Three-ratio method is three correlative values of utilizing five kinds of characteristic gas, judges the method for transformer fault character.Its five kinds of characteristic gas that relate to are hydrogen (H2), methane (CH4), acetylene (C2H2), ethene (C2H4), ethane (C2H6), and three correlative values are respectively C2H2/C2H4, C2H4/H2 and C2H4/C2H6.

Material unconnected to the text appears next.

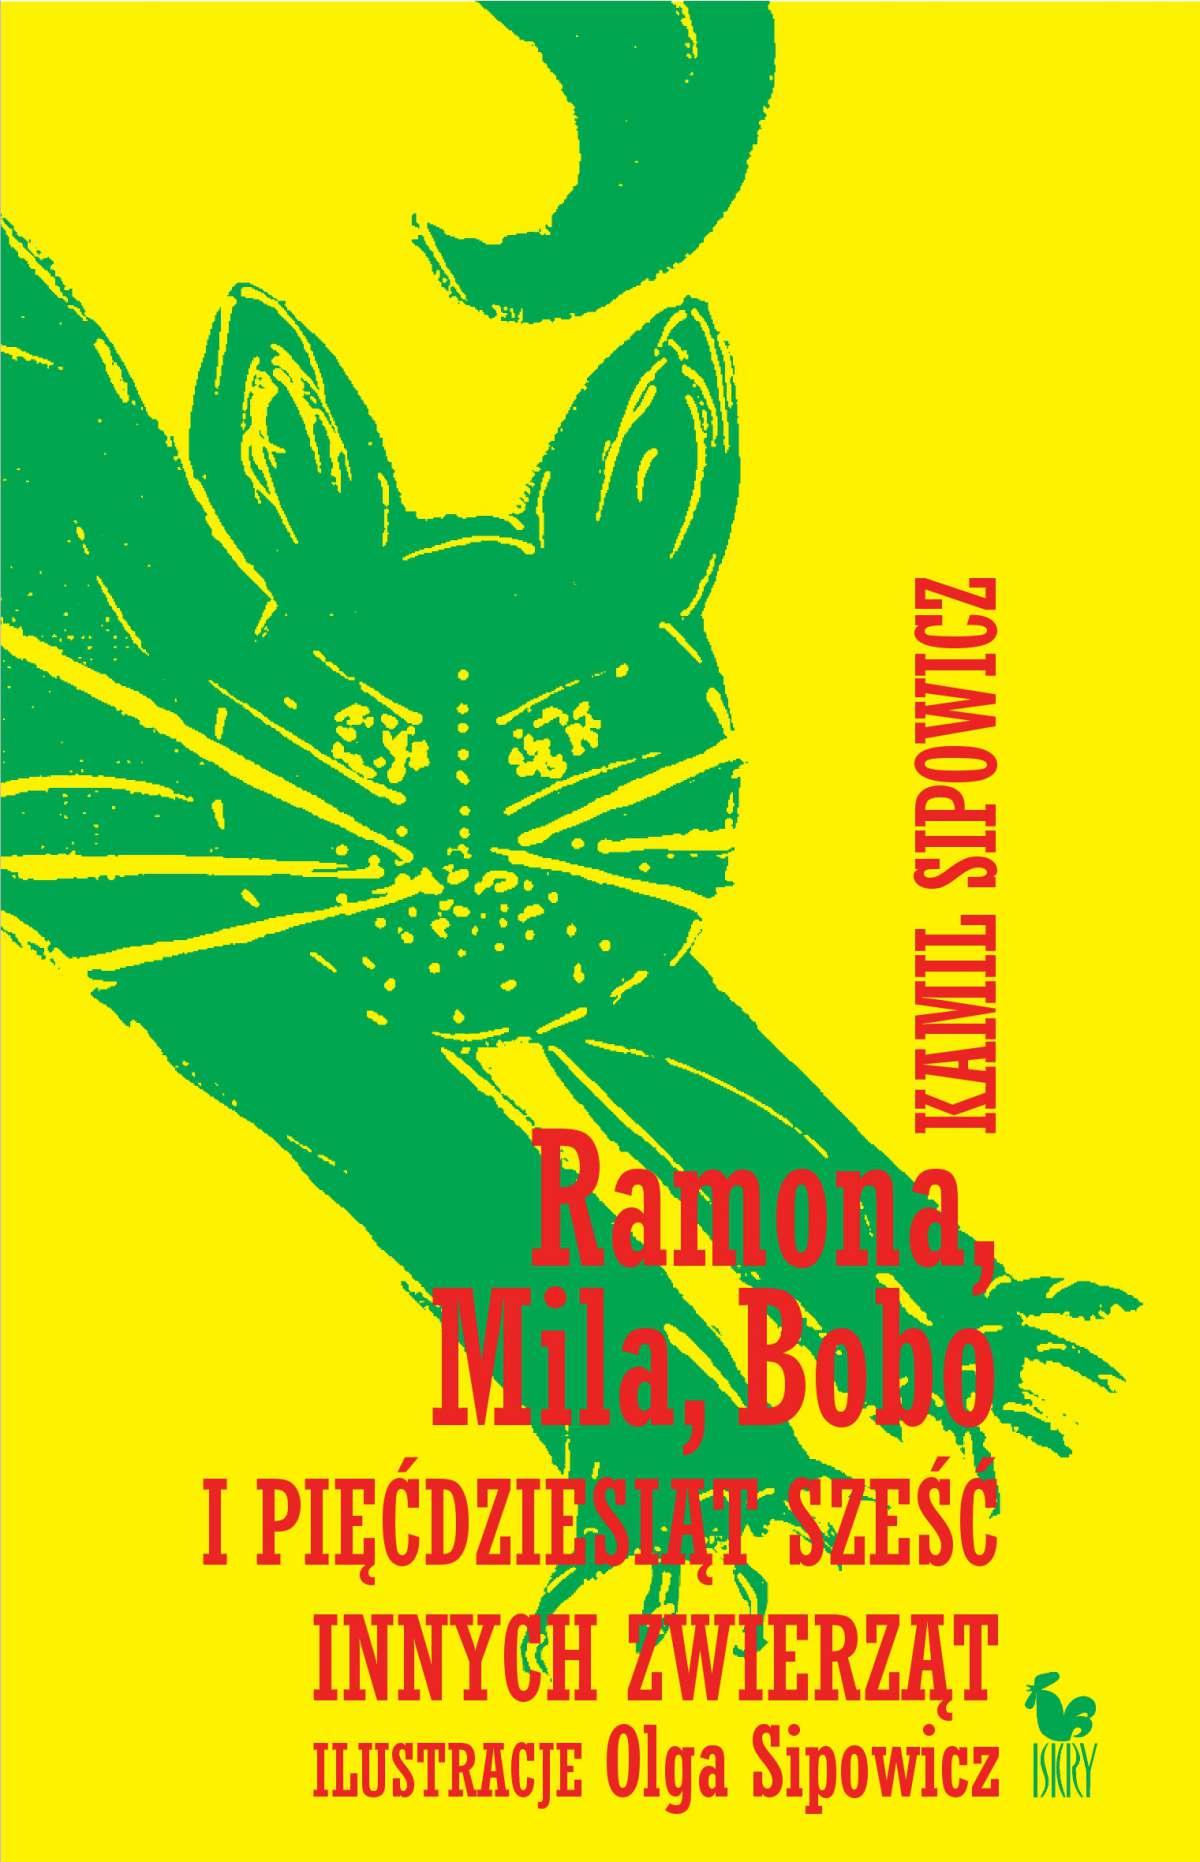 Ramona, Mila, Bobo i pięćdziesiąt sześć innych zwierząt - Ebook (Książka na Kindle) do pobrania w formacie MOBI
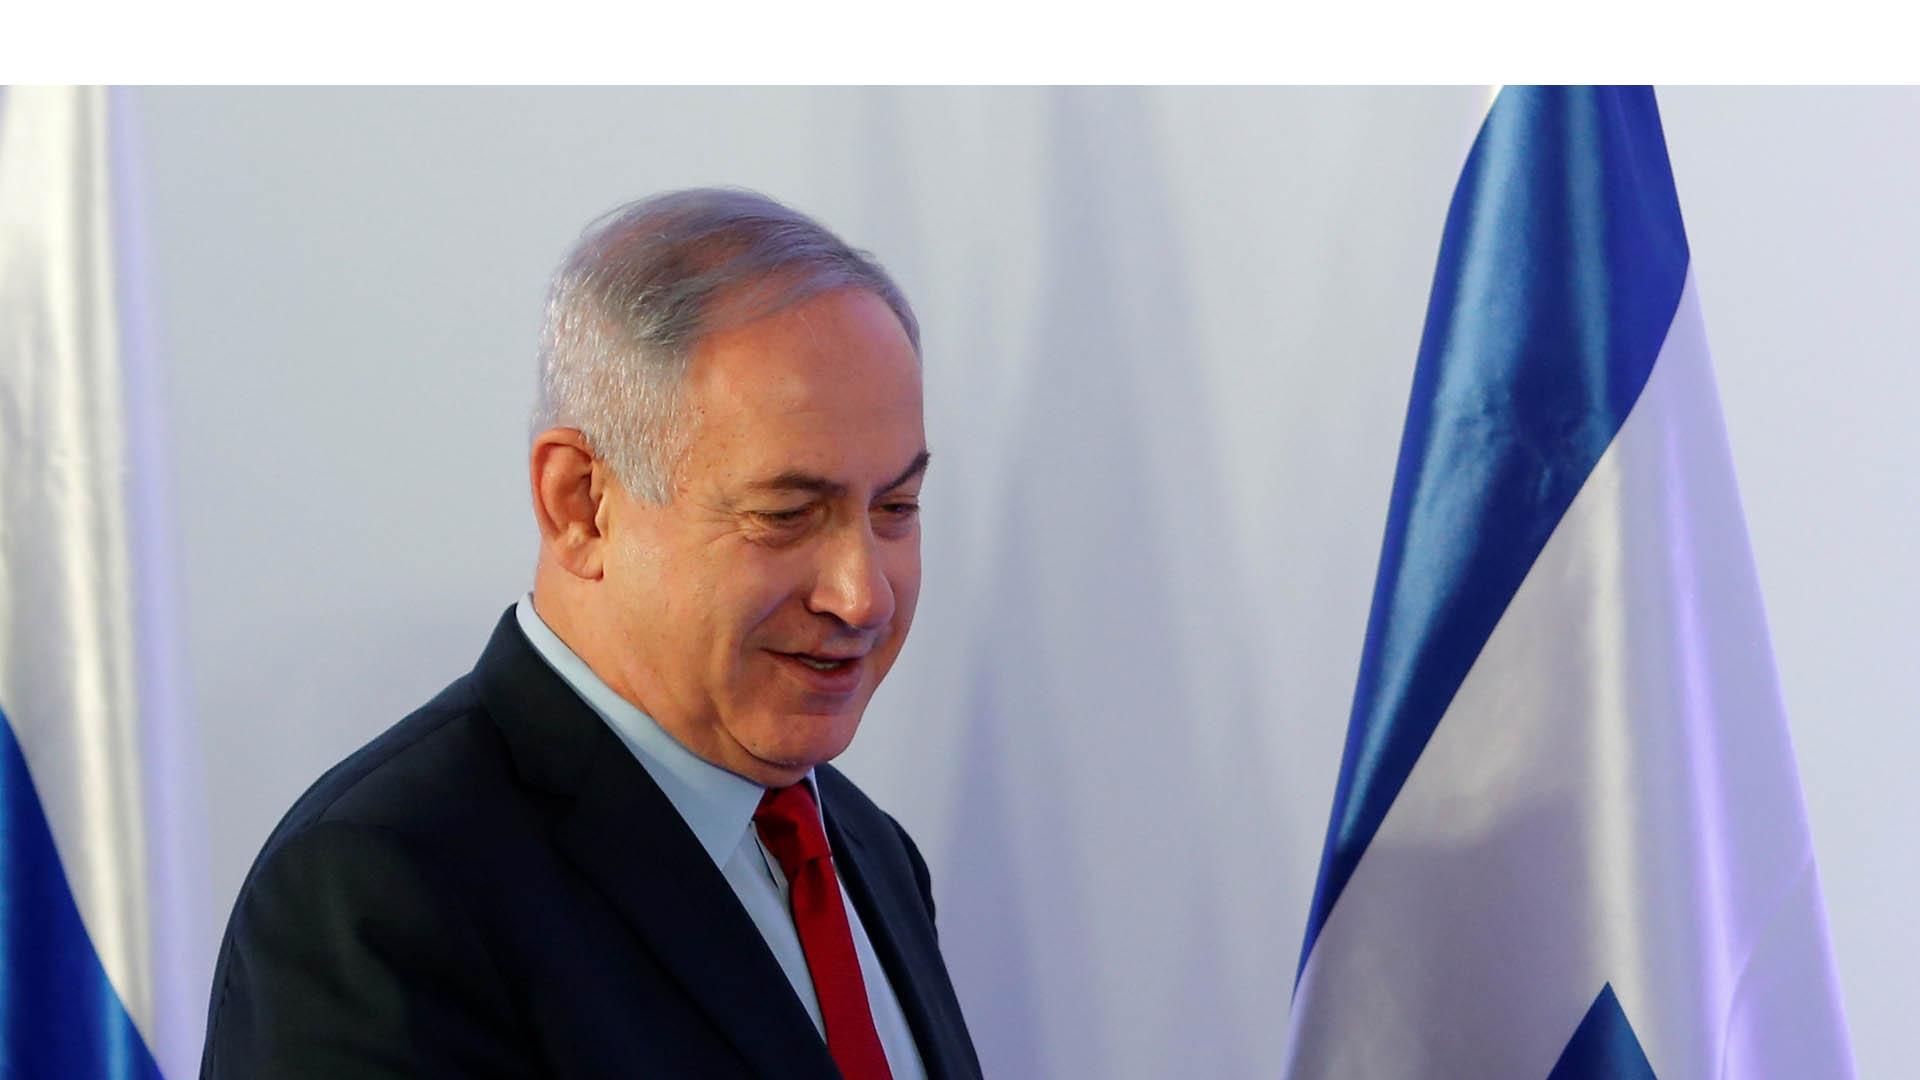 Tras el atentado en Tel Aviv, el primer ministro llamó a una reunión de emergencia a todo el gabinete

Attention: its precondition is to have gas content to exceed standard, and thinks namely that equipment exists under failure condition just can judge, various gas datas all judge nonsensical with this method in normal situation; And this method can only judge single failure, can't judge the various faults synergy.The fault table of comparisons is as follows:

Four ratioing technigues are a kind of a kind of ratio in judgement methods that Germany adopts, and the fault table of comparisons is as follows:

The electricity method of grinding is a kind of three-ratio method of improvement, and the fault table of comparisons is as follows:

TD figure method is to utilize the method for the another kind of failure judgement type of three correlative values, determines the equipment failure type by the mode of code check table equally, and the fault table of comparisons is as follows:

C2H2/C2H4 CH4/H2 C2H4/C2H6 Characteristic fault Situation NS① <0.1 <0.2 Shelf depreciation (see and annotate 3) PD >1 0.1~0.5 >1 Low-yield shelf depreciation U1 0.6~2.5 0.1~1 >2 The high-energy shelf depreciation D2 NS① >1 <1 Hot stall t<300 ℃ T1 <0.1 >1 1~4 300 ℃<t of hot stall<700 ℃ T2 <0.2② >1 >4 Hot stall t〉700 ℃ T3

David's triangular plot method is recently carried out the fault judgement by three kinds of shared percentages of gas, and judgment mode is as follows:

By three-ratio method, four ratioing technigues, electricity being ground after method, TD figure method, David's triangular plot method analyze, can find out that its major way is all to get Gas Ratio and scope thereof, the difference of Gas Ratio scope, draw different diagnosises, can expand similar algorithm in order to satisfy system, in whole system, the realization of flexible configuration, adopt the mode configuration relation of middle table, be used for processing flexibly dynamic expansion table and field, conveniently carry out the expansion of function.

Aid decision-making system 200 comprises risk evaluation model 210 and Strategies of Maintenance model 220, and described risk evaluation model 210 shines upon related with Strategies of Maintenance model 220 by middle table.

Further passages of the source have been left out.